13 Ajoelhar-se para a oração no culto público. Tenho recebido cartas perguntando-me sobre a posição que deve ser assumida pela pessoa ao fazer oração ao Soberano do Universo. Onde obtiveram nossos irmãos a ideia de que deviam ficar em pé quando oram a Deus? […] (Ver Lc 22:41; At 9:40; 7:59, 60; 20:36; 21:5; Ed 9:5, 6; SI 95:6; Ef 3:14.) […]
Tanto no culto público como no particular é nosso dever prostrar-nos de joelhos diante de Deus quando Lhe dirigimos nossas petições. Este procedimento mostra nossa dependência de Deus. […] (Ver 2Cr 6:1-13.) […]

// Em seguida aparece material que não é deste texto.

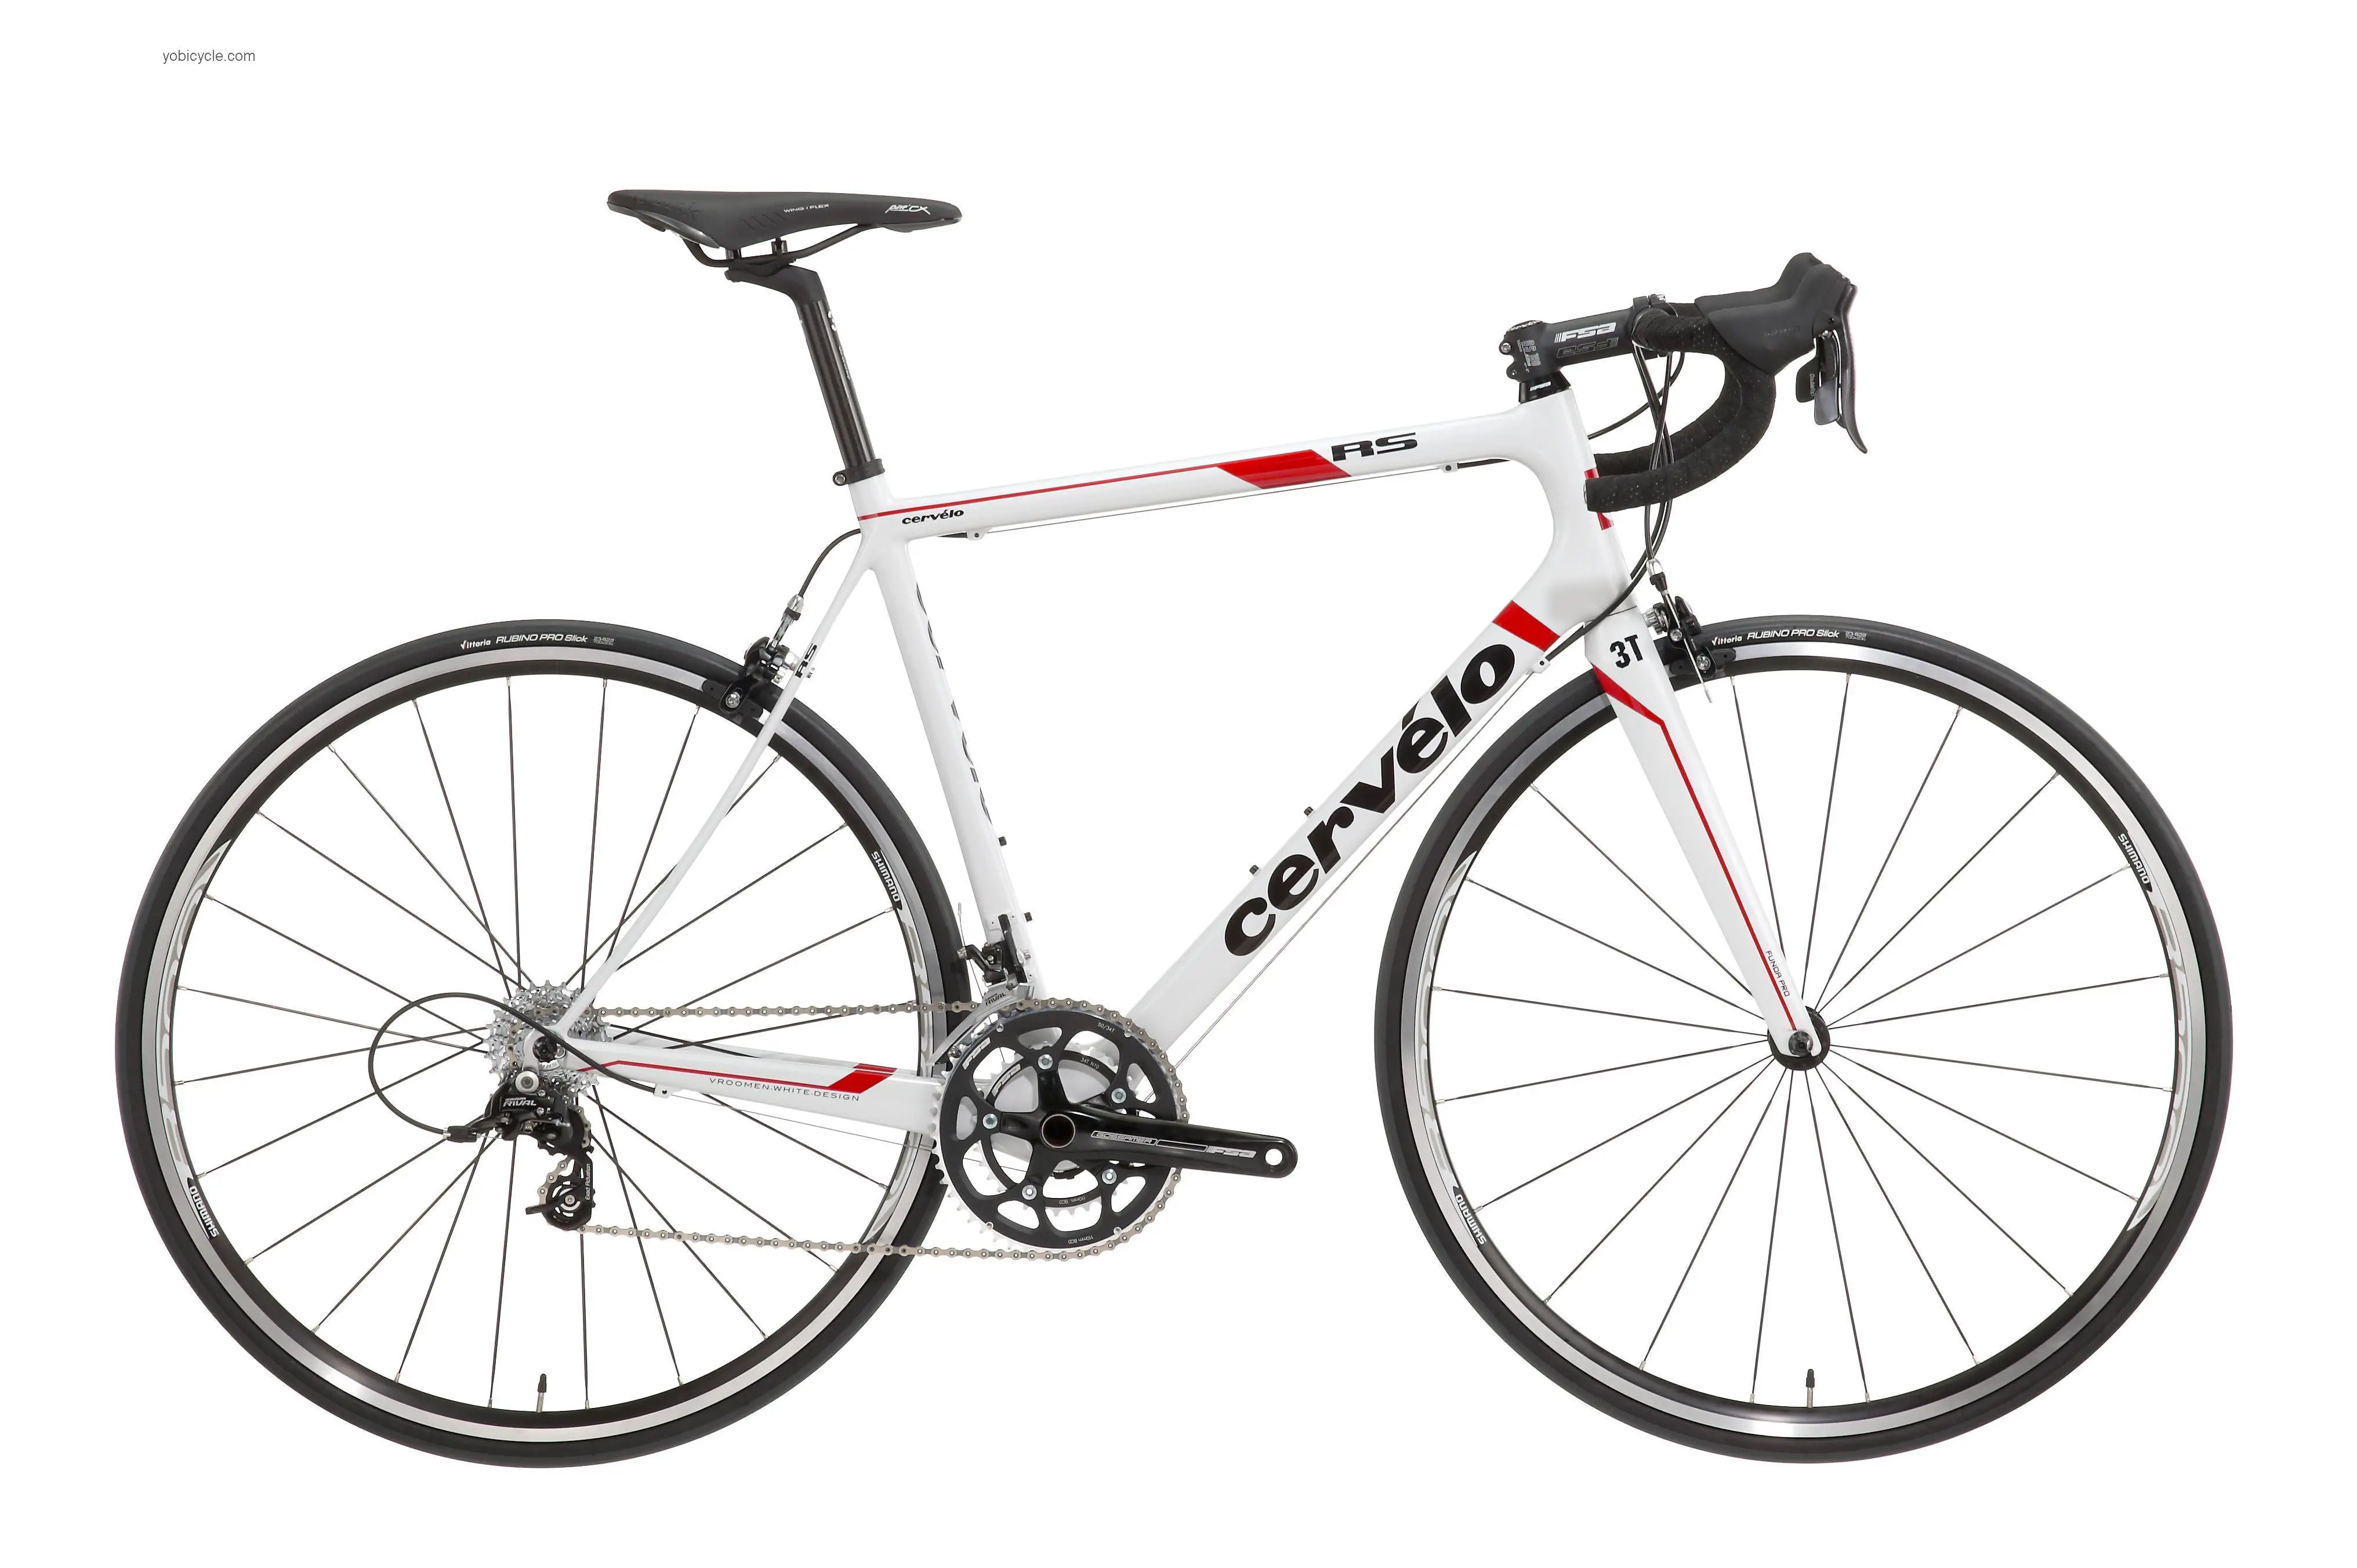 Cervelo RS Rival 2011 comparison online with competitors
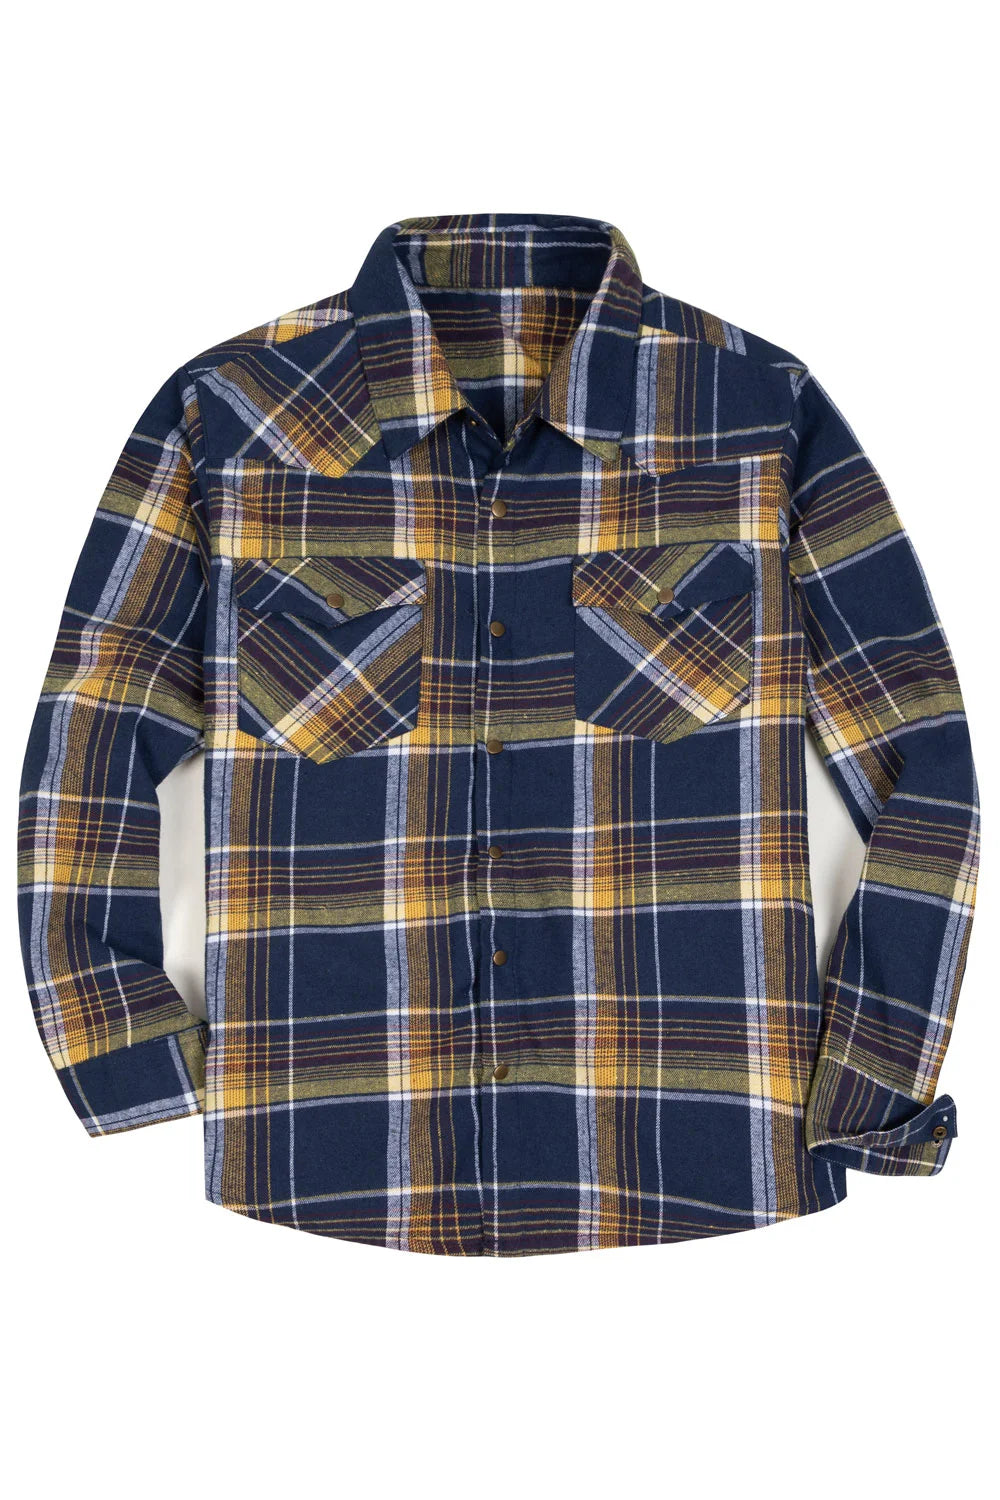 Men's Snap Front Long Sleeve Plaid Western Flannel Shirt

Será possível que, com todo o esclarecimento que Deus tem dado a Seu povo sobre a reverência, pastores, diretores e professores de nossas escolas, por preceito e exemplo, ensinem os jovens a ficar em pé na devoção, como faziam os fariseus? Consideraremos um demonstrativo de sua presunção e importância própria? Devem essas características tornar-se evidentes? […]
Temos a esperança de que nossos irmãos não manifestarão menos reverência e respeito ao aproximarem-se do único Deus vivo e verdadeiro do que os pagãos manifestam para com suas divindades idólatras, ou estes povos serão nossos juízes no dia da decisão final. Falo a todos os que ocupam os lugares de professores em nossas escolas. Homens e mulheres, não desonrem a Deus por sua irreverência e imponência. Não se coloquem em pé, em seu farisaísmo, ao fazer suas orações a Deus. Desconfiem de sua própria força. Não dependam dela; mas prostrem-se frequentemente de joelhos diante de Deus, e adorem-No.
E quando se reunirem para adorar a Deus, não deixem de se prostrar de joelhos diante dEle. Que esta ação testifique de que toda a alma, o corpo e o espírito estão em sujeição ao Espírito da verdade. Quem tem examinado a Palavra diligentemente à procura de exemplos e orientação a este respeito? […]
As pessoas devem ir ao pé do trono da misericórdia prostradas de joelhos, como súditas da graça, como suplicantes. E, ao receber benefícios diariamente da mão de Deus, devem sempre acalentar gratidão em seu coração e expressá-la por palavras de agradecimento e de louvor por esses favores imerecidos (ME2, 311-315).
A oração de Salomão durante a dedicação do templo não foi feita de pé. O rei se ajoelhou na humilde posição de um suplicante.
Aqui há uma lição para o povo de Deus hoje. Nossa força espiritual e nossa influência não aumentam pela conformidade com uma atitude mundana durante a oração. […] Que as pessoas vão de joelhos dobrados, como súditas da graça, como suplicantes diante do trono da misericórdia. Assim devem testificar que toda a alma, o corpo e o espírito estão em sujeição ao Criador (RH, 30/11/1905).